Data for this task:
========================================

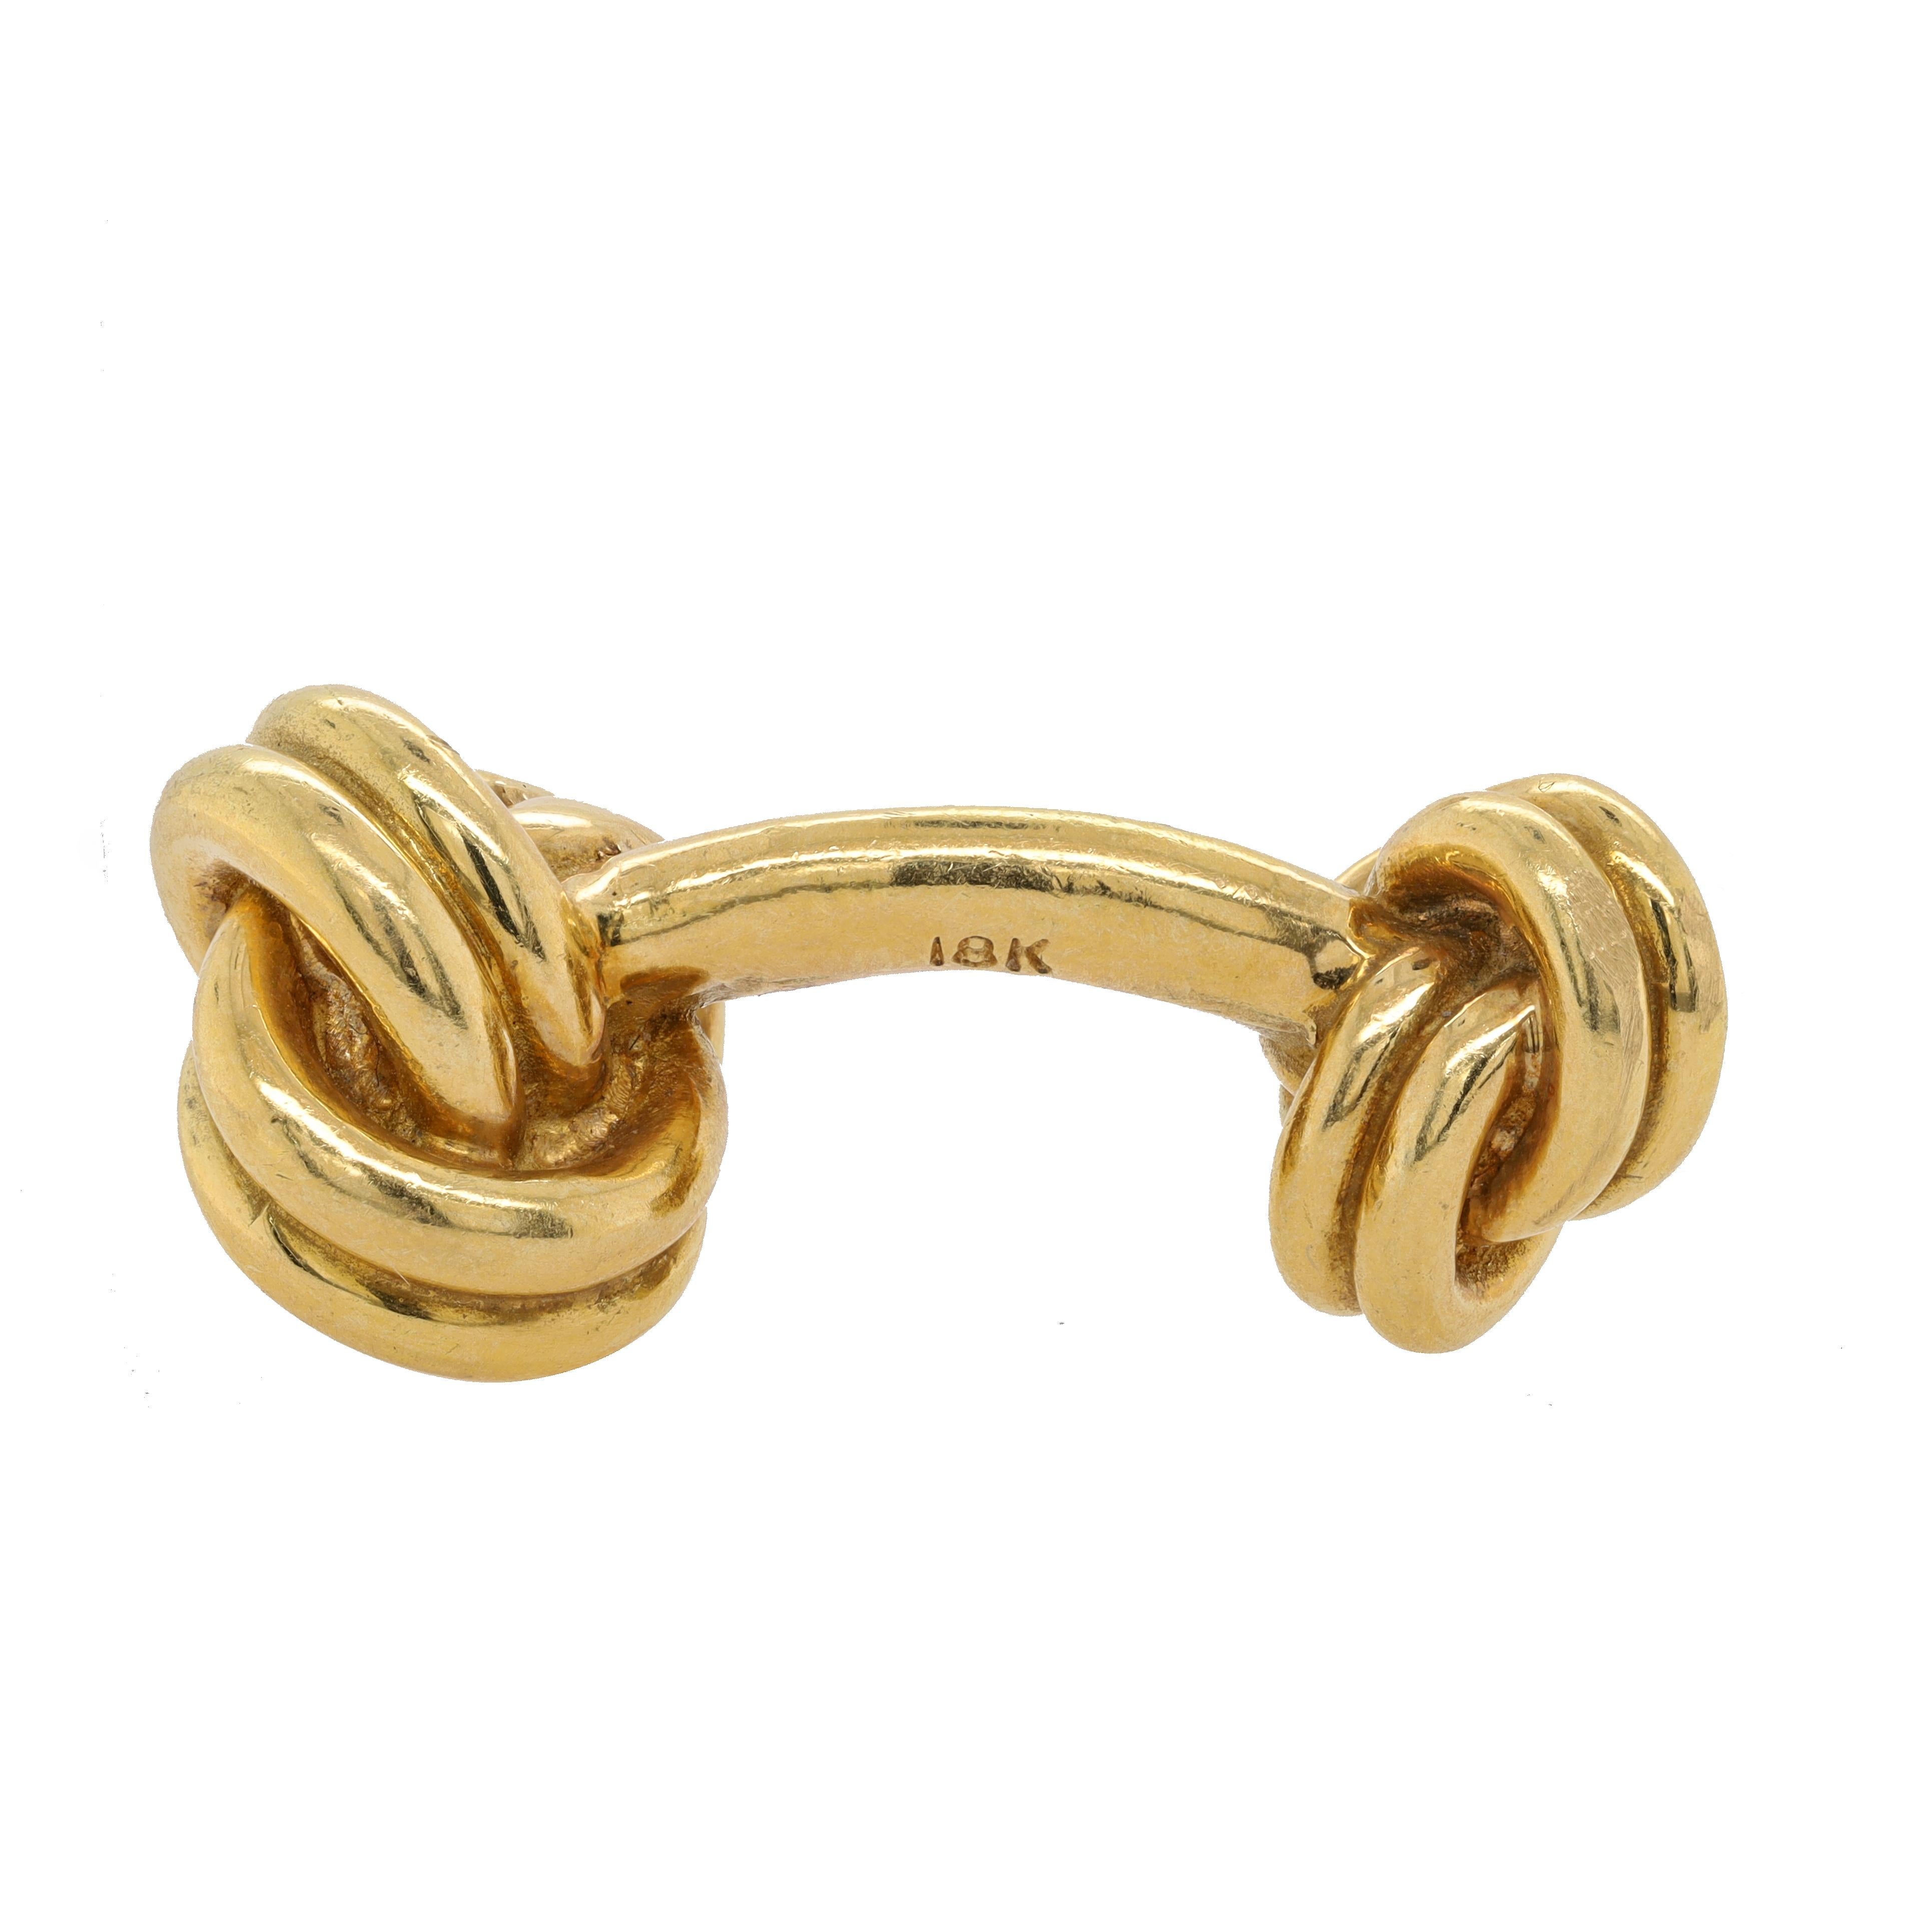 18 kt yellow gold 29.29 gram  Cartier cufflinks 
Diana M. is a leading supplier of top-quality fine jewelry for over 35 years.
Diana M is one-stop shop for all your jewelry shopping, carrying line of diamond rings, earrings, bracelets, necklaces,
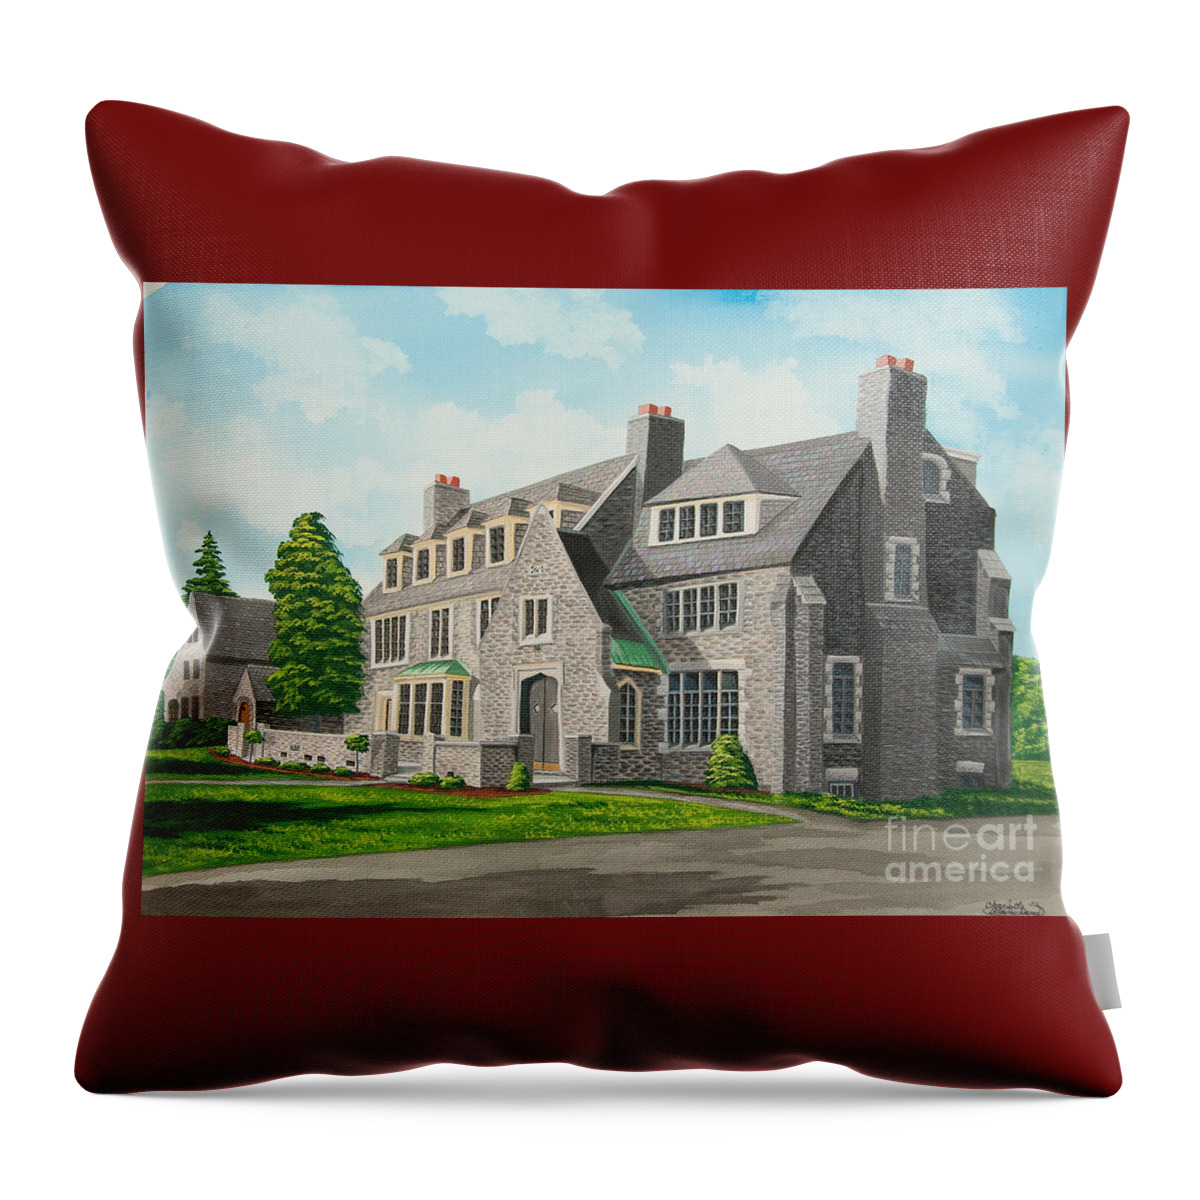 Kappa Delta Rho Frat House Throw Pillow featuring the painting Kappa Delta Rho South View by Charlotte Blanchard
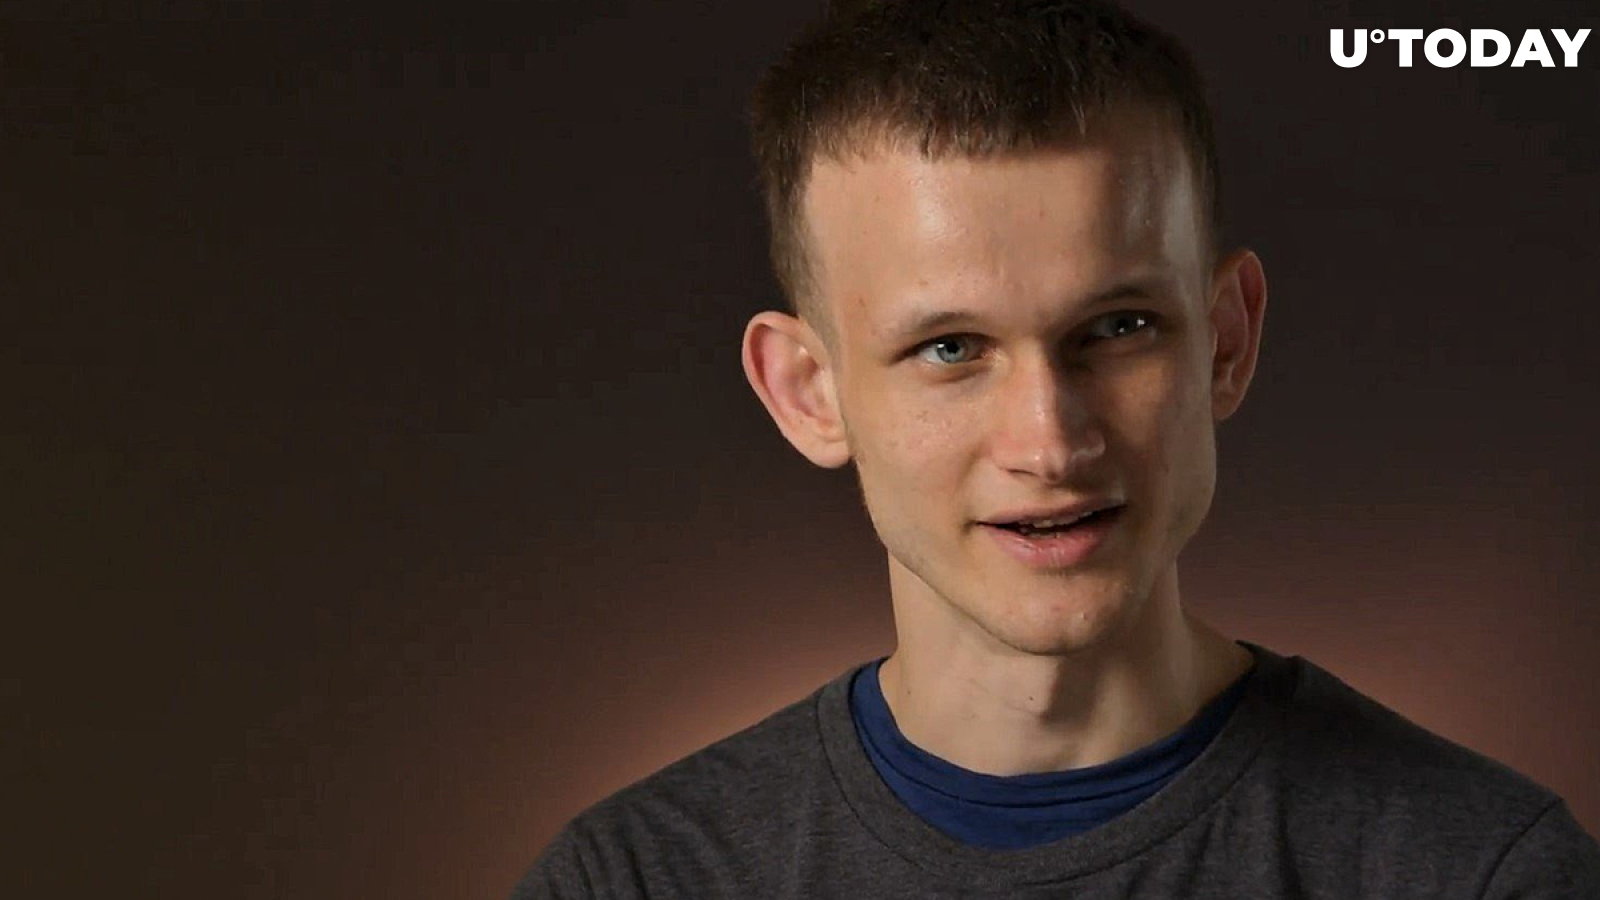 Bitcoin Maximalists Will Be on Wrong Side of History, According to Ethereum Co-Founder Vitalik Buterin

========================================

Exercise directions: Output all the entries above verbatim, please. No images.

Finished task:
 18 kt yellow gold 29.29 gram  Cartier cufflinks 
Diana M. is a leading supplier of top-quality fine jewelry for over 35 years.
Diana M is one-stop shop for all your jewelry shopping, carrying line of diamond rings, earrings, bracelets, necklaces,
 Kappa Delta Rho Frat House Throw Pillow featuring the painting Kappa Delta Rho South View by Charlotte Blanchard
 Bitcoin Maximalists Will Be on Wrong Side of History, According to Ethereum Co-Founder Vitalik Buterin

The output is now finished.